The relations you wish to impose on your combinations of closed compact oriented n-dimensional submanifolds also remind me of the algebra of chains (where the union of n-simplexes is an n-chain). The sum $C_1 + C_2$ is defined as the k-chain made up of the k-simplexes in $C_1$ or $C_2$ but not both, and this sum is commutative, associative, and for every k-chain $C$ there is a unique k-chain $D$ such that $C + D = \emptyset$.

As a parting note, it looks like you might also be moving toward accidentally re-deriving the Poincare index theorem, which certainly has a Stokes-flavor to it (for it connects the behaviour of a vector field inside of a cell with its behavior on the boundary). First, choose a circle $\gamma$ about the critical point $P$ so that within and on $\gamma$ the vector field $V$ vanishes except at $P$. The index of $V$ at $P$, denoted $I(P)$, is defined as the winding number $W(\gamma)$ of $V$ on $\gamma$.

Let $V$ be a continuous vector field. Let D be a cell and $\gamma$ its boundary. Supposing that $V$ is not zero on $\gamma$, then:

$$W(\gamma) = I(P_1) + ... + I(P_n)$$

where $P_1, P_2, ..., P_n$ are the critical points of $V$ inside $D$.

Answer 4

The questioner is right to identify one of the inspirations for homology as coming from integration theory; this is emphasised in the article by S. Lefschetz in the book "History of Topology", edited I.M. James. It seems also that early articles on Betti nubers and torsion coefficients wanted to take "cycles modulo boundaries" but were not so clear about the meaning of those. It was Poincaré who introduced the notion of formal sums of oriented simplices which led to the equation $\partial \partial=0$ which we all know and love. The idea of formal sums surely came from integration theory where it was convenient to write $$\int_C fdz + \int _D f dz = \int_{C+D} f dz. $$

This formal sum contrasted with the explicit (partial) composition of paths which led to Poincaré introducing the fundamental group of a pointed space. Algebraic topologists in the early 20th century were hoping for higher dimensional nonabelian version of the fundamental group, but these were dashed by the acceptance of the abelian higher homotopy groups of a pointed space. This abelian property can be explained by saying that a group object in the category of groups is an abelian group.

That situation is changed if one considers groupoids: groupoid objects in the category of groups are more complicated than groups, and are equivalent to crossed modules.

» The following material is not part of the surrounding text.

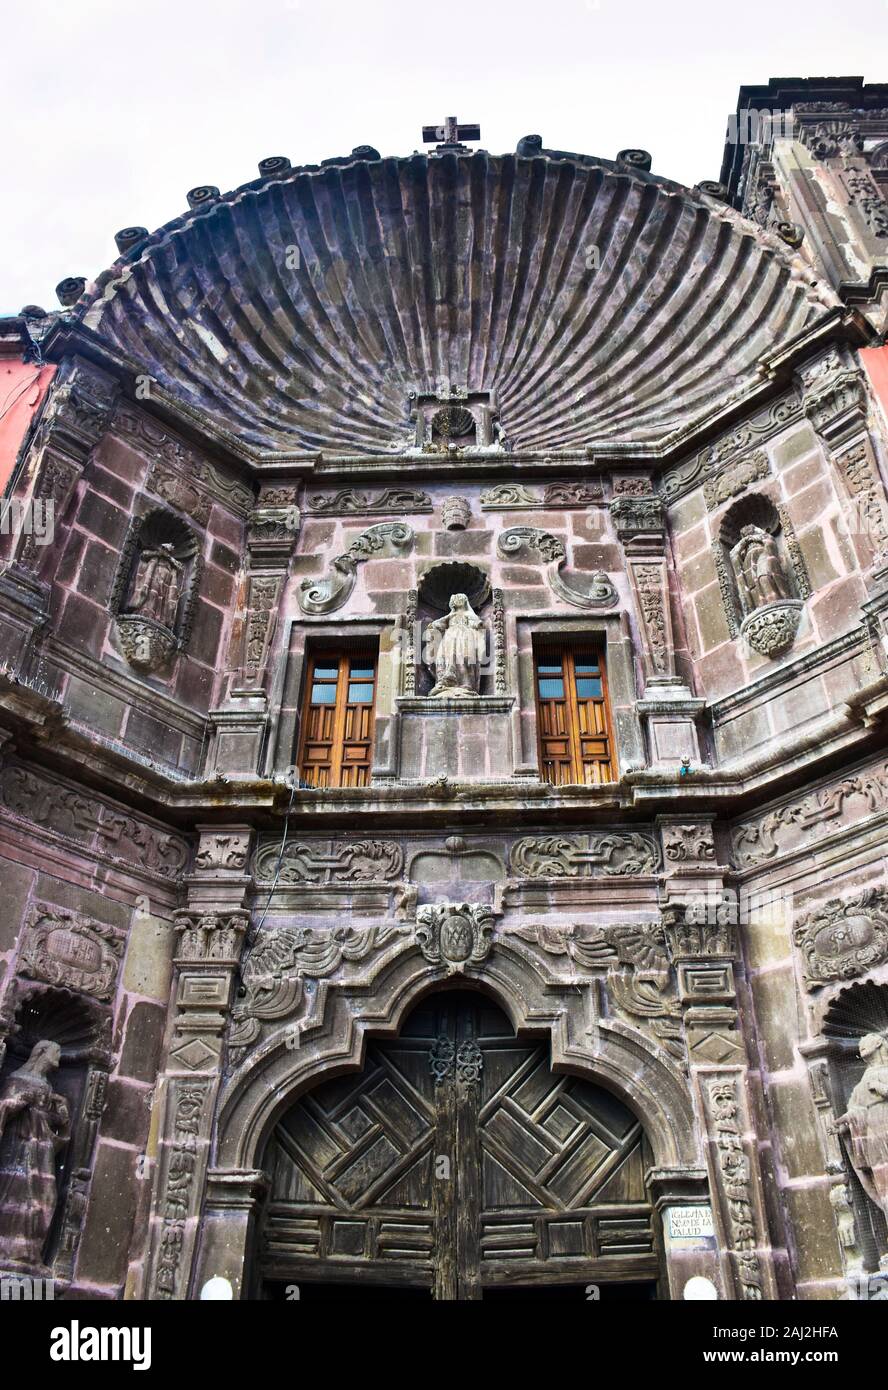 Templo de Nuestra Senora de la Salud built in 1735, San Miguel de Allende, Mexico Stock Photo
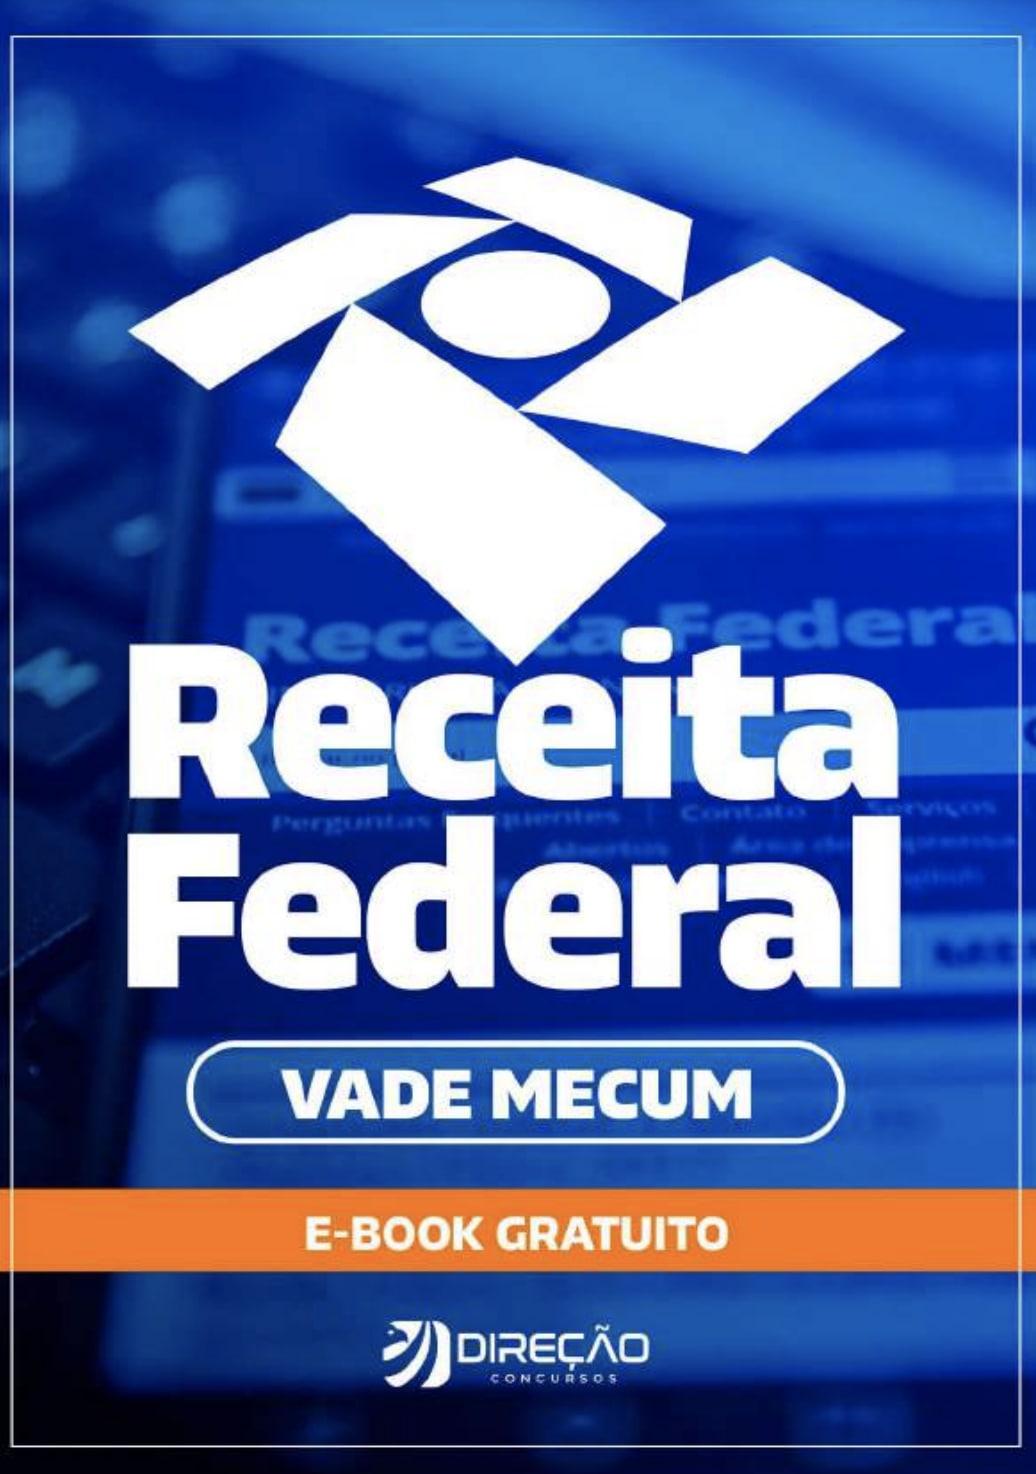 https://www.direcaoconcursos.com.br/inscricao-vade-mecum-rfb

This has led to the theory given an exposition in the book Nonabelian Algebraic Topology: filtered spaces, crossed complexes, cubical homotopy groupoids (EMS Tracts in Math vol 15, 2011). The question refers to a CW-, i.e. cell-, decomposition of a manifold: this gives a special case of a filtered space, which could also come from a handlebody decomposition. For a filtered space $X_*$ one can give a homotopical definition of a crossed complex $\Pi X_*$, a kind of chain complex with operators which is nonabelian in dimensions $\leqslant 2$ and includes information on the fundamental groupoid. A key to the main results of the book is using compositions of higher dimensional cubes to prove a theorem of the Seifert-van Kampen type which allow one to compute $\Pi X_*$ in terms of colimits and so to prove that $\Pi X_*$ for a CW-filtration $X_*$ is "free on the cells of $X_*$". To go back to your situation, if all the submanifolds $M$ are allowed a "connected" filtration $M_*$, e.g. from a cell-decomposition, then the same SvK theorem could determine $\Pi X_*$ in terms of the $\Pi M_*$. Interpretation of this, and investigating the necessary conditions, would seem to be a research programme, but has possibilities!

The aim of putting this material together into a book was to enable it more easily to be evaluated, for example as to whether it helped to understand "what homology is talking about", and also to give an exposition of the relation with basic homotopical results, such as the Relative Hurewicz Theorem, without invoking the "formal sums", i.e. $\mathbb Z$-linear combinations, of the standard homology theory. Key insights came from J.H.C. Whitehead's 1949 paper "Combinatorial Homotopy II", particularly a result there on free crossed modules.

The cubical methods are useful for subdivision arguments, and also for discussing homotopies and products.